NOTE: bytes_requested is the multiplier for backend payment.
@param delivery Identifier of the delivery in question
@param url A hash of the URL that the backend delivered to
"""
assert msg.sender == self.backend_address
owner: address = self.deliveries[delivery].owner
requested: uint256 = self.deliveries[delivery].bytes_requested
assert self.deliveries[delivery].bytes_delivered >= requested
# clear the delivery record first
clear(self.deliveries[delivery])
# now pay the datatrust from the banked delivery request
back_fee: wei_value = (self.parameterizer.getCostPerByte() * requested * self.parameterizer.getBackendPayment()) / 100
self.ether_token.transfer(self.backend_address, back_fee)
log.Delivered(delivery, owner, url)
This function checks that the full delivery has been made, then pays out the datatrust operator. This provides an on-chain check on the datatrust operator’s behavior and forces it to do some work before it gets paid.

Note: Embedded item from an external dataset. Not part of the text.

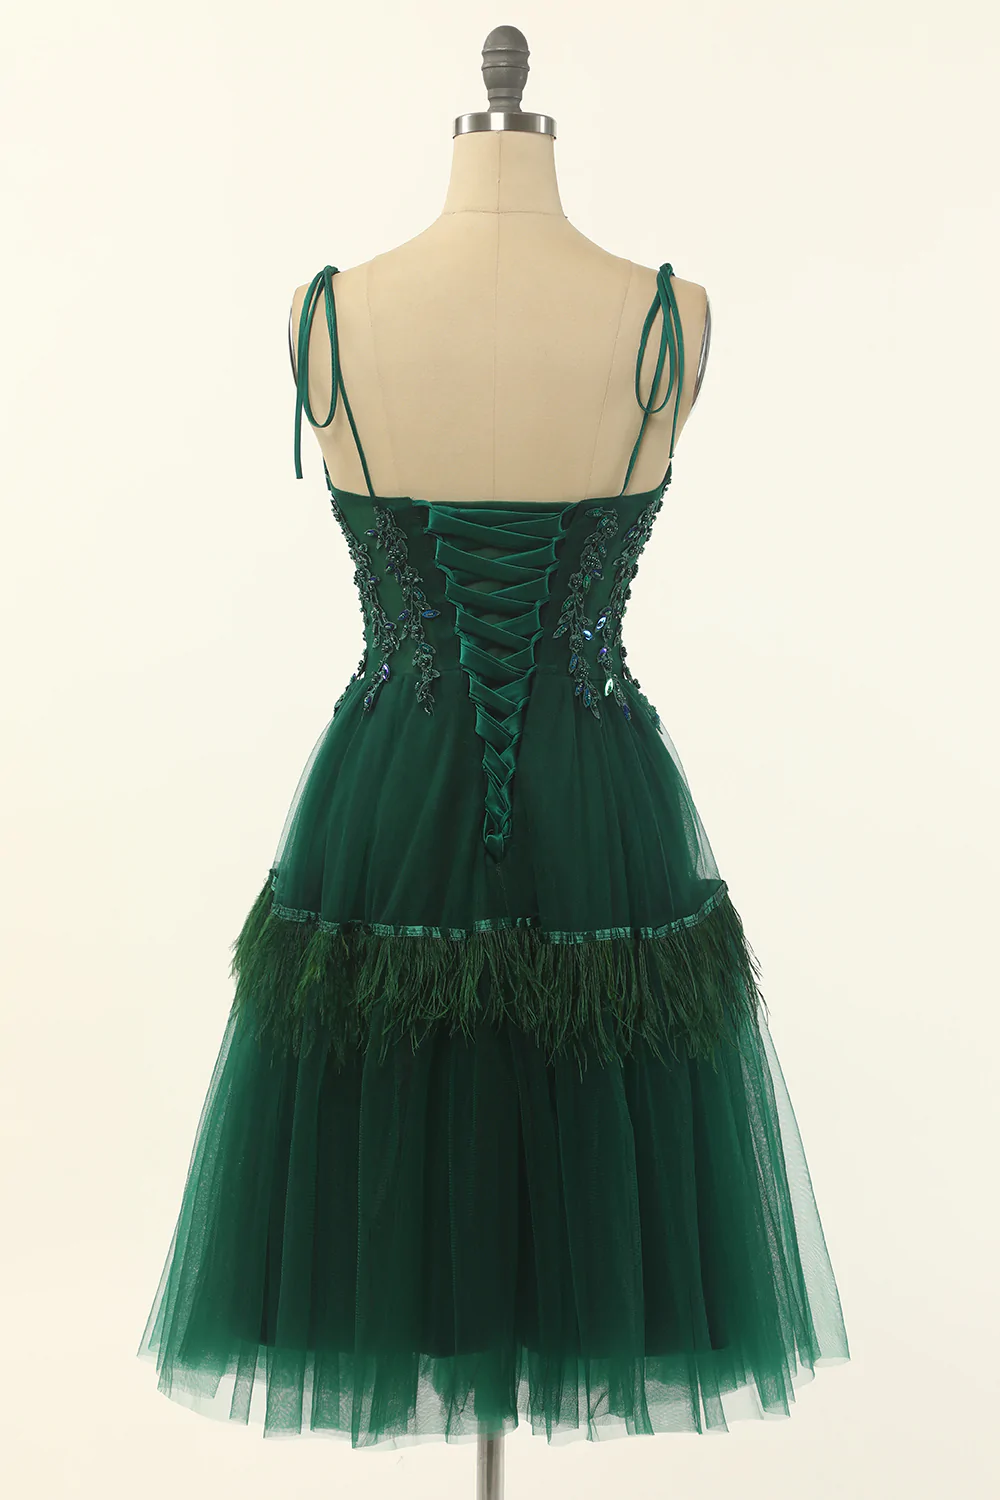 A-Line Green Tulle Above Knee Length Homecoming Dress,Party Dress Y1703
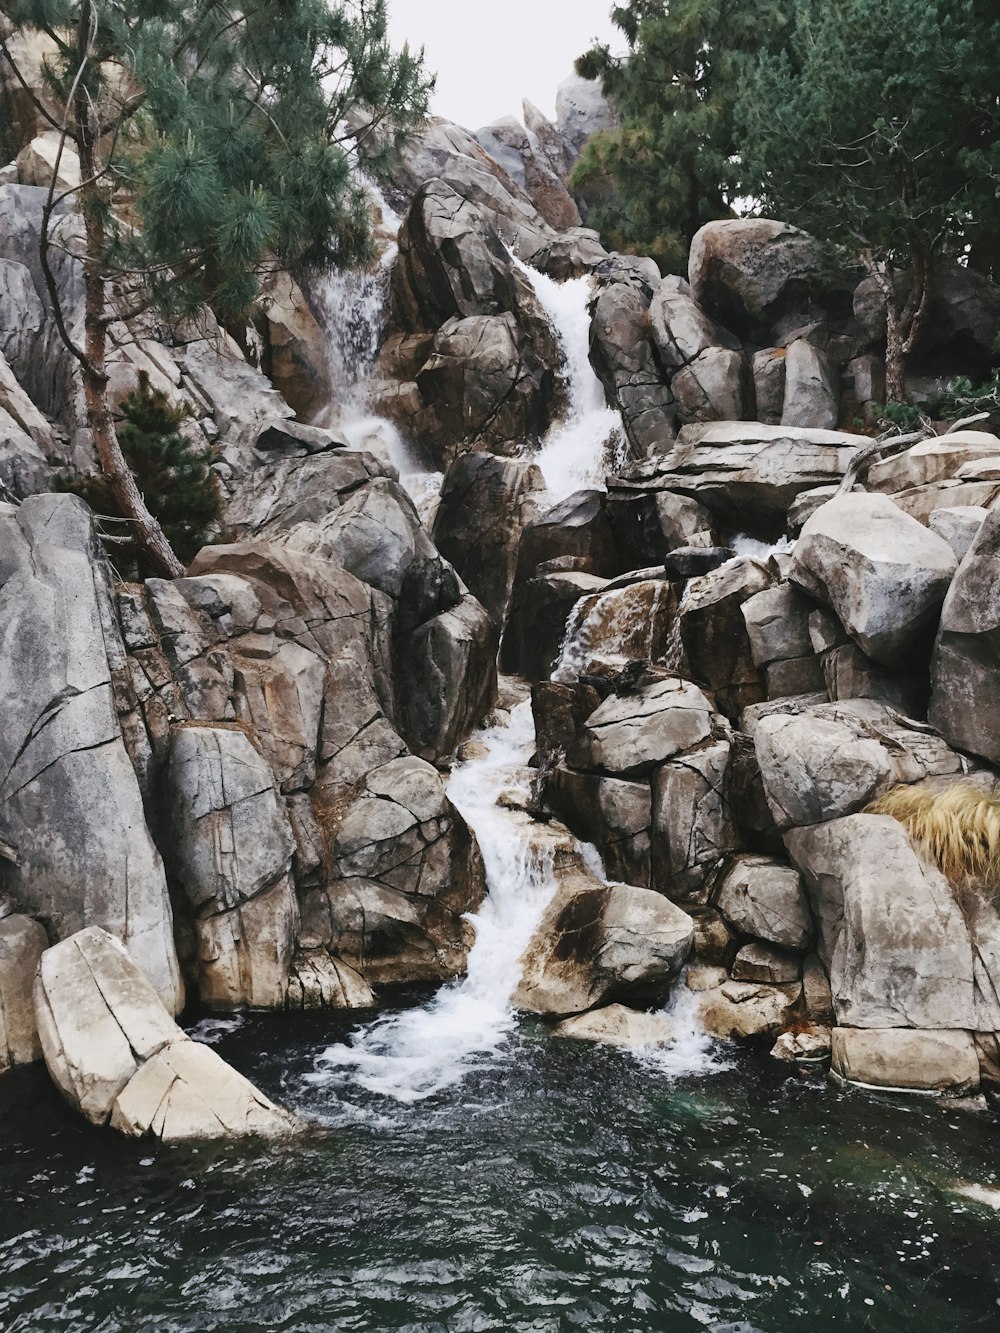 brown rocky river with water falls

Proposing a new datatrust.
An interested party can propose itself as a new
datatrust candidate by calling Datatrust.register()
@public
def register(url: string[128]):
"""
@notice Allow a backend to register as a candidate
@param url The location of this backend
"""
(TODO: There’s currently a bug in register uncovered in audit. Add full code once bugfix is in place)
Calling this method triggers a vote. If the vote passes, then this this party becomes the new datatrust for the system. This means that the old datatrust (if there was one), is essentially kicked out.
Last Thoughts
At this point, we’ve discussed all the major smart
contract systems in Computable, with the exception of
the Parameterizer
which sets market parameters. We’ll
hit this system in the next chapter.